PROMPT> All of the data, except its images, should be set down exactly as it appears.

SUPPLIED MATERIAL>
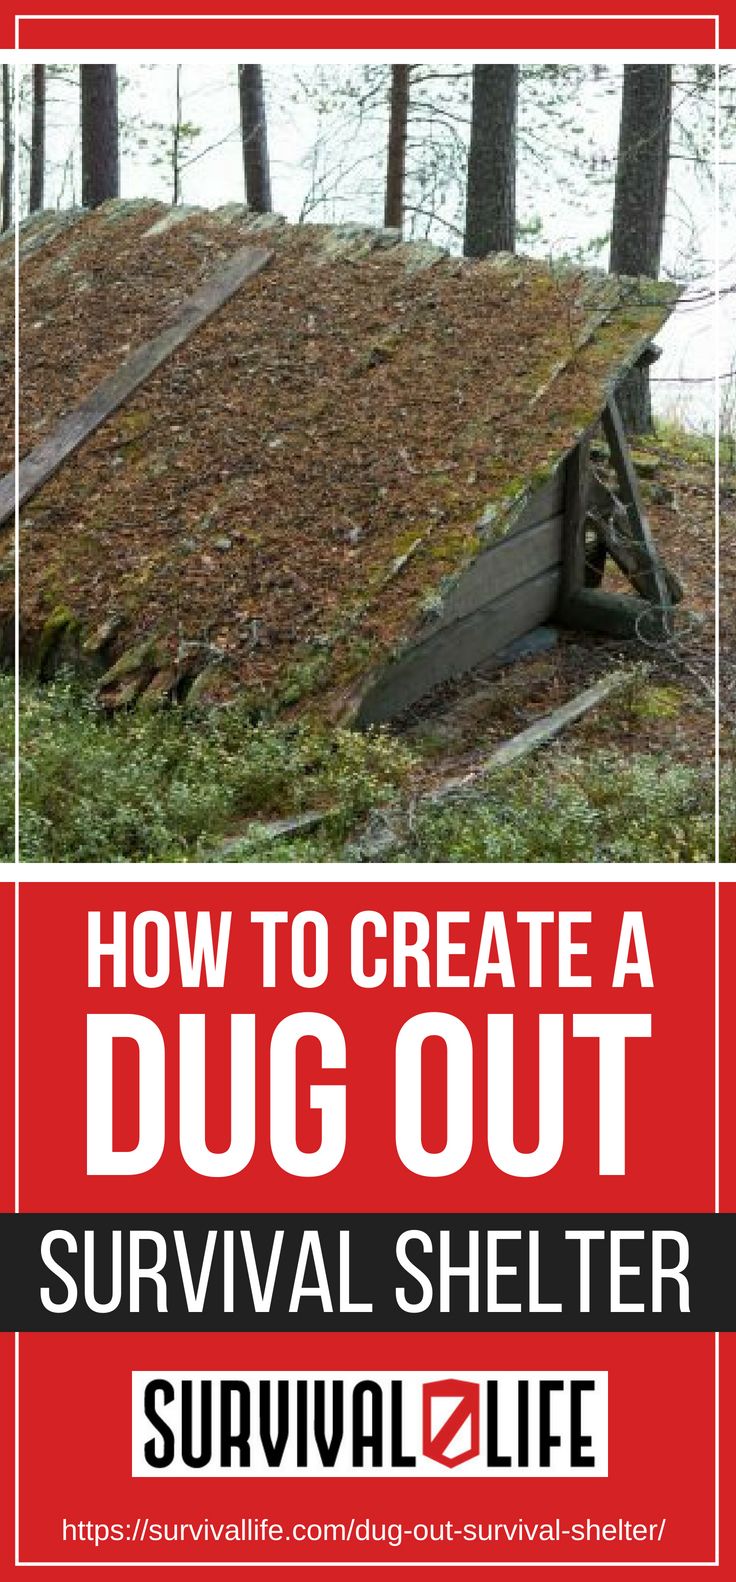 How To Create A Dug Out Survival Shelter | https://survivallife.com/dug-out-survival-shelter/
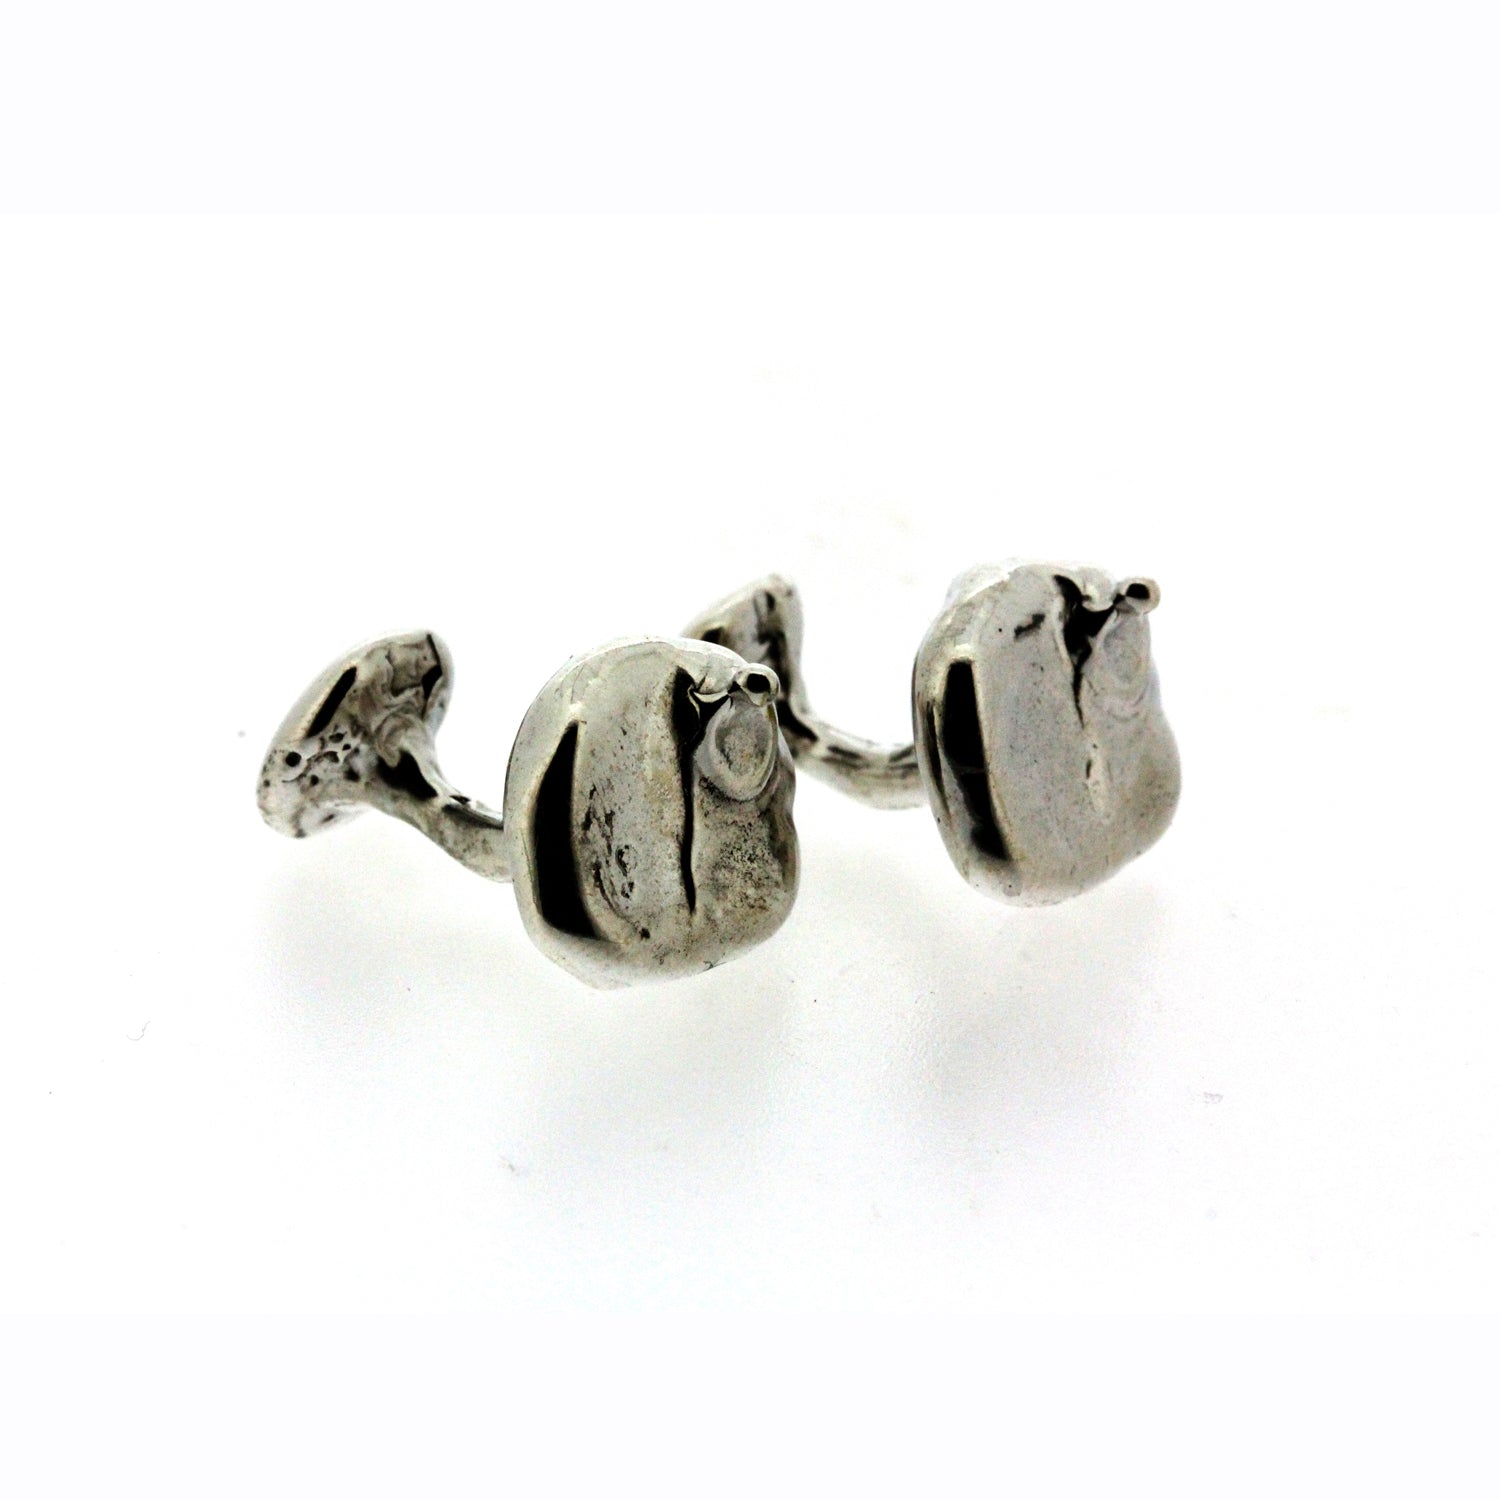 Full view of Henry Cufflinks at an angle.
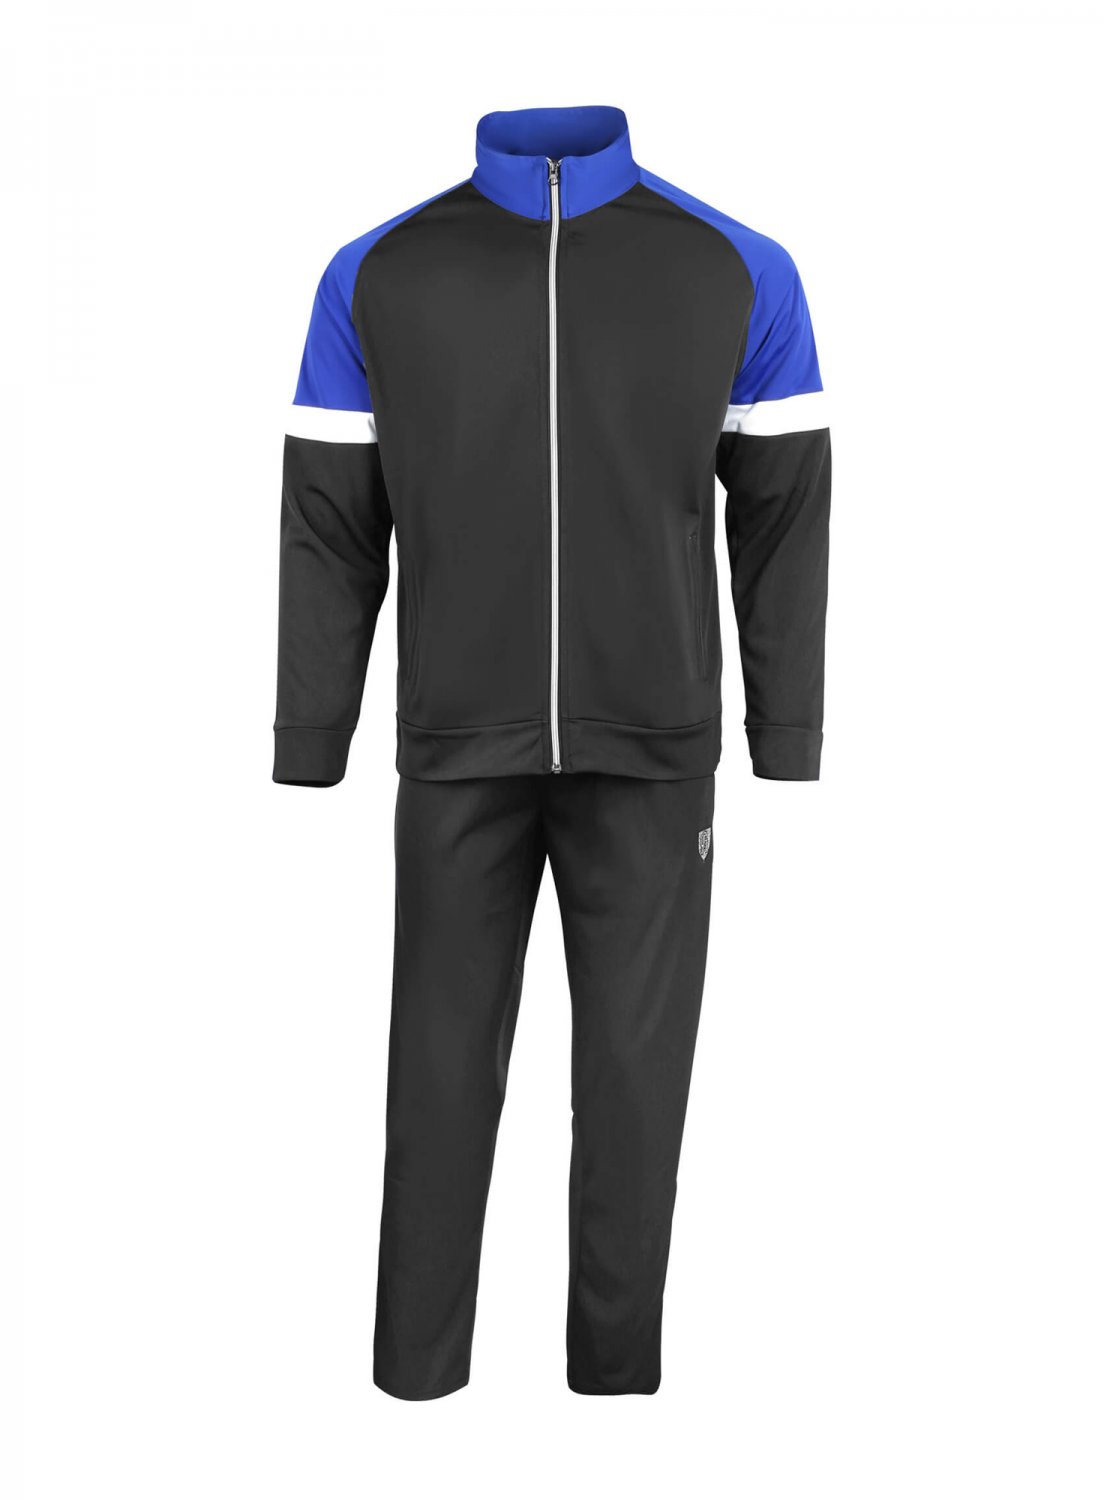 Men's CA Sports PLAYER-EDITION Tracksuit Ideal for sports and casual wearing

SOLVED EXERCISE>
 How To Create A Dug Out Survival Shelter | https://survivallife.com/dug-out-survival-shelter/
 Full view of Henry Cufflinks at an angle.
 Men's CA Sports PLAYER-EDITION Tracksuit Ideal for sports and casual wearing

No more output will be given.